En una esquina del Parque Central, El Sesteo se llenaba cada noche al compás de la orquesta de Gilberto Murillo, quien en 1959 se la vendió a su saxofonista y director musical, por mil colones, y el cual la convirtió en un nombre que quizá ustedes reconozcan: La Fabulosa de Otto Vargas.
            En ese mundo, Cómo ríe la luna sabe extraer una fibra vital que nunca decae y que entremezcla la intimidad personal de sus personajes con el trasfondo político, social y cultural. Como se hará patente en la década siguiente, las pugnas por el gusto musical y luego político-partidario se dirimían en las ondas de radio, en las estaciones Alma Tica, Titania –ferozmente anticalderonista en los cuarentas- y La Voz de la Víctor, del nunca bien ponderado Perry Girton, celebérrimo e inolvidable distribuidor de películas de Hollywood.

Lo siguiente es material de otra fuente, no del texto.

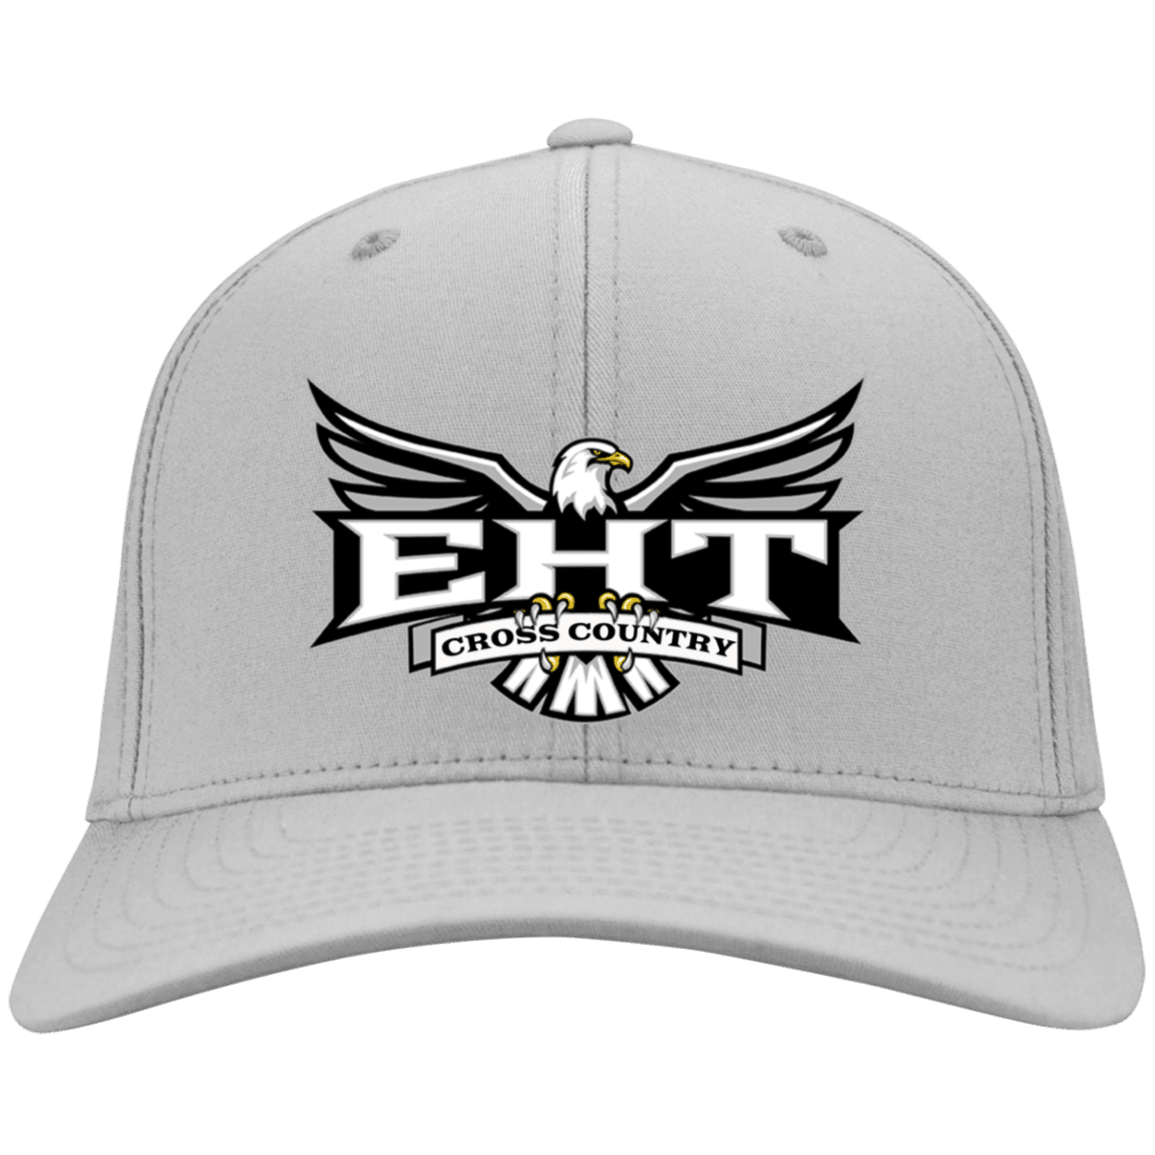 EHTXC Embroidered Twill Cap

            Cómo ríe la luna es una novela que viaja en el tiempo y en el espacio, pero que lo hace en tranvía y, en virtud de sus personajes, en taxi, y debo confesar mi predilección por este sesgo de clase media. No es un libro sobre las capas populares, como Ese que llaman pueblo (1942)  de Fabián Dobles o A ras del suelo (1970) de Luisa González –publicado décadas después de escrito-, sino sobre los grupos emergentes que conocerán su época de oro en la segunda mitad del siglo XX.
            Digo que no puedo evitar este sesgo de clase media porque el conmovedor retrato que hace Vernor de un sociedad de maestras, secretarias o costureras –porque muy poco más podía hacer una mujer en la Costa Rica de hace 80 años- es el de mi familia, el de mi madre, el de mis tías y primas mayores. Muchos de los acontecimientos insignificantes que cuenta la novela y que hilvanaron la infinita trama de Penélope de la espera femenina, durante siglos, se los escuché a las grandes mujeres de mi vida en el mismo tono de pequeña confesión, de épica mínima, de epopeya cotidiana o irrelevante tragedia con que hace casi un siglo se aceptaban las cosas irremediables de la existencia.

            La década de 1930 es también la época de Latinoamérica, como queda palpable desde el título. El nacionalismo latinoamericano, surgido tras la revolución mexicana, cobra vida en el tango, la canción ranchera y la música tropical, e invade las ondas de radio y películas memorables como El prisionero trece (1933), ¡El compadre Mendoza! (1934), ¡Vámonos con Pancho Villa! (1935) y, por encima de todas, Allá en el Rancho Grande (1936). Una muchacha, después de ver decenas de veces Allá en el Rancho Grande, en blanco y negro, en el Raventós, el América o el Moderno, podía jurar que Tito Guízar tenía los ojos azules más bellos del mundo. Y probablemente era cierto. Esos ojos azules, nacidos de la imaginación, como una fotografía sutilmente coloreada a mano, son los ojos a través de los cuales Vernor Muñoz descubre y re-descubre una época desconocida hasta ahora para la narrativa costarricense. Los invito a descubrir esta hermosa primera novela –no primeriza-, que por fortuna para nosotros no se escribió hace 30 años. Como dije al inicio: El túnel del tiempo se convierte a veces en un telescopio.
Carlos Cortés...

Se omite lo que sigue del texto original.